Presume that there are two neutrosophic numbers $N_{Aj}=a_{Aj}+b_{Aj}I$ and $N_{Bj}=a_{Bj}+b_{Bj}I$. For convenience, those numbers can be written as two sets $A=\left\{N_{A1},N_{A2},\cdots ,N_{An}\right\}$ and $B=\left\{N_{B1},N_{B2},\cdots ,N_{Bn}\right\}$. Then, the neutrosophic Dice similarity measure is defined as

$$D\left(A,B\right)=\frac{1}{n}{\displaystyle \sum }_{j=1}^n\frac{2\left[\left(a_{Aj}+\inf \left(b_{Aj}I\right)\right)\times \left(a_{Bj}+\inf \left(b_{Bj}I\right)\right)+\left(a_{Aj}+\sup \left(b_{Aj}I\right)\right)\times \left(a_{Bj}+\sup \left(b_{Bj}I\right)\right)\right]}{\left[{\left(a_{Aj}+\inf \left(b_{Aj}I\right)\right)}^2+{\left(a_{Bj}+\inf \left(b_{Bj}I\right)\right)}^2\right]+\left[{\left(a_{Aj}+\sup \left(b_{Aj}I\right)\right)}^2+{\left(a_{Bj}+\sup \left(b_{Bj}I\right)\right)}^2\right]}$$

(8)

Obviously, a single value can be denoted as a special interval between the lower and upper bounds. For example, a single value 6 can be transformed into an interval value [6, 6] that is computable in Equation (8). This measure D(A, B) has the following properties.

$$1\ge D\left(A,B\right)\ge 0)$$

(9)

$$D\left(A,B\right)=D\left(B,A\right)$$

(10)

$$D\left(A,B\right)=1,\mathrm{if}A=B$$

(11)

The measure with a single attribute does not satisfy the requirement of slope stability assessment because a slope possesses attributes of various types and levels. Multiple attribute method has to be put forward to solve this problem.

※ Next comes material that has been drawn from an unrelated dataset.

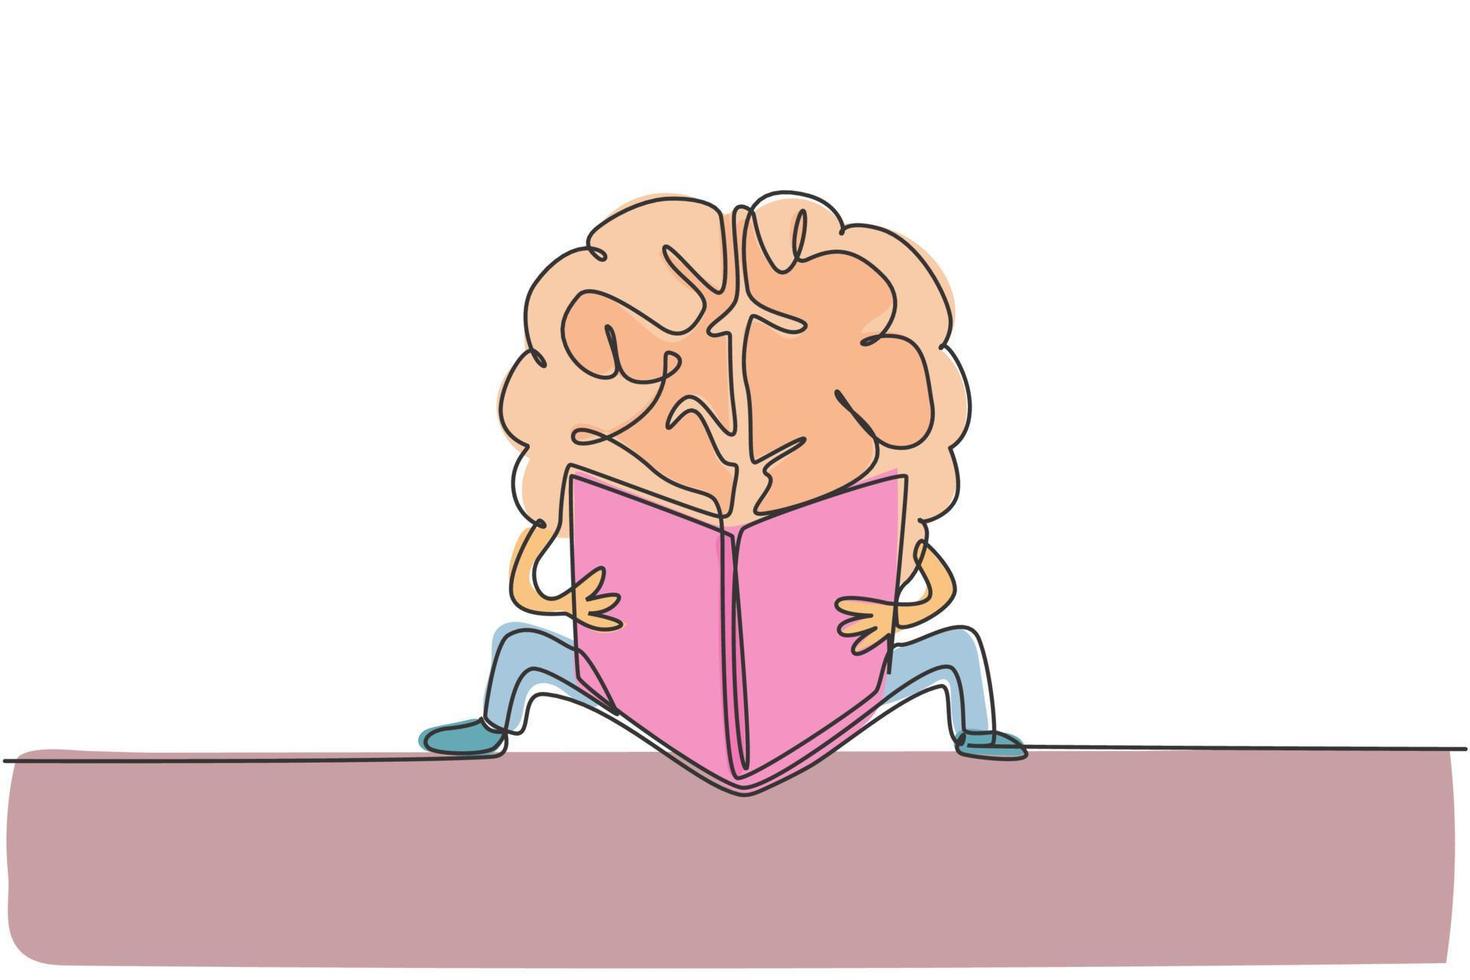 einzelne durchgehende Strichzeichnung des menschlichen Gehirns, das Buch auf dem Boden für das Logo der öffentlichen Bibliothek liest. Smart Bookworm Logo Symbol Konzept. moderne eine linie zeichnen grafikdesign-vektorillustration vektor

The neutrosophic numbers $N_{Aj}$ and $N_{Bj}$ were further divided into $N_{Ajk}$ and $N_{Bjk}$, which restructured the evaluation system to two levels. By doing so, both attribute and subattributes of slopes can be considered in the developed method. Let $N_{An}=\left\{N_{Aj1},N_{Aj2},\cdots ,N_{Ajr}\right\}$ and $N_{Bn}=\left\{N_{Bj1},N_{Bj2},\cdots ,N_{Bjr}\right\}$ be two sets of subattributes that can be expressed as $N_{Ajk}=a_{Ajk}+b_{Ajk}I$ and $N_{Bjk}=a_{Bjk}+b_{Bjk}I$. Then, the weight of elements $N_{Aj}$ and $N_{Bj}$ are given as $w_j\in \left[0,1\right]$ with ${\displaystyle \sum }_{j=1}^n{w}_j=1$. The weight of subelements is evaluated as ${\displaystyle \sum }_{k=1}^r{w}_k=1$. and $w_k\in \left[0,1\right]$. Hence, the neutrosophic Dice similarity measure of multiple elements is denoted as

$$D_W\left(A, B\right)={{\displaystyle \sum }}_{j=1}^n{w}_j{{\displaystyle \sum }}_{k=1}^r{w}_k\frac{2\left[\left(a_{Ajk}+inf\left(b_{Ajk}I\right)\right)\times \left(a_{Bjk}+\inf \left(b_{Bjk}I\right)\right)+\left(a_{Ajk}+sup\left(b_{Ajk}I\right)\right)\times \left(a_{Bjk}+\sup \left(b_{Bjk}I\right)\right)\right]}{\left[{\left(a_{Ajk}+inf\left(b_{Ajk}I\right)\right)}^2+{\left(a_{Bjk}+inf\left(b_{Bjk}I\right)\right)}^2\right]+\left[{\left(a_{Ajk}+sup\left(b_{Ajk}I\right)\right)}^2+{\left(a_{Bjk}+sup\left(b_{Bjk}I\right)\right)}^2\right]}$$

(12)

D_W (A,B) also satisfies the properties denoted in Equations (9)–(11).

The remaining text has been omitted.